What Happens When That’s Missing
If consistent co-regulation wasn’t available—
if support was:
- inconsistent
- absent
- conditional
- or overwhelming
then the body adapts.
It learns:
- to over-function
- to hold everything alone
- to suppress needs
- to seek regulation externally later in life
This is where patterns like:
- codependency
- overgiving
- attachment to intensity
- fear of being alone
begin to form.
Not because something is wrong with you…
but because your system is still trying to complete a process that was never fully finished.
When Healing Becomes Withdrawal
This is the part people don’t talk about.
When you stop outsourcing your regulation…
it doesn’t feel empowering at first.
It feels like withdrawal.
I have been a serial codependent.
Jumping from one relationship to the next.
Staying in unhealthy ones just to not be alone.

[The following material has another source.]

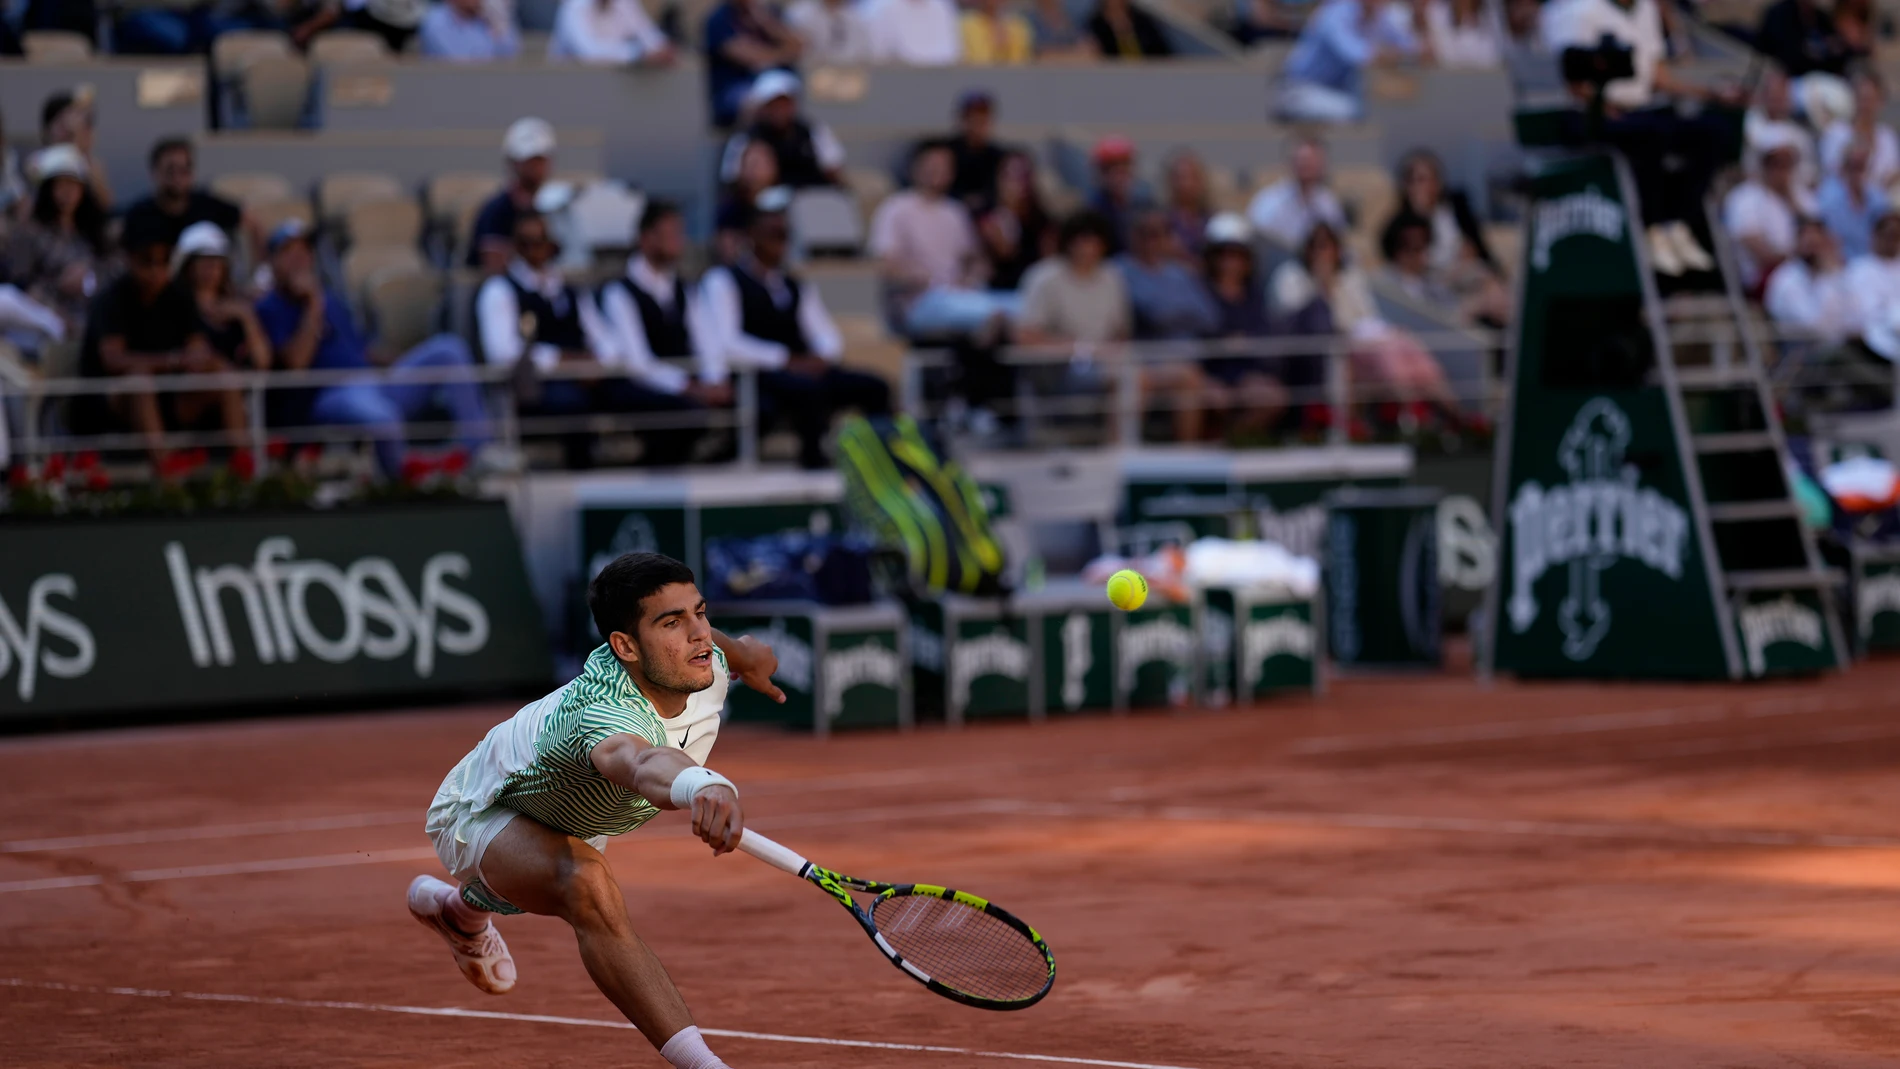 Spain's Carlos Alcaraz plays a shot against Italy's Lorenzo Musetti during their fourth round match of the French Open tennis tournament at the Roland Garros stadium in Paris, Sunday, June 4, 2023. (AP Photo/Thibault Camus)

I’ve been out of my marriage for a year.
And trying to be on my own without a man to hold me felt like:
- my nervous system on fire, like I was standing on the edge of a cliff
- full-blown panic
- dysregulation and insomnia
- intense physical cravings to be held, desired, chosen
So I did what my system knew how to do.
I relapsed into connection.
Not because I was weak.
But because:
I had never wired the ability to self-soothe.
I would find men.
Not consciously thinking “I need regulation”—
but feeling:
- desire
- connection
- closeness
And underneath that…
“relief”
Relief from:
- the emptiness
- the fear
- the instability of being alone
This Is Not Failure — It’s Physiology
We don’t break patterns by willpower.
We break them by:
“building new capacity”
And I had to face a hard truth:
“Trying to do this alone wasn’t working.”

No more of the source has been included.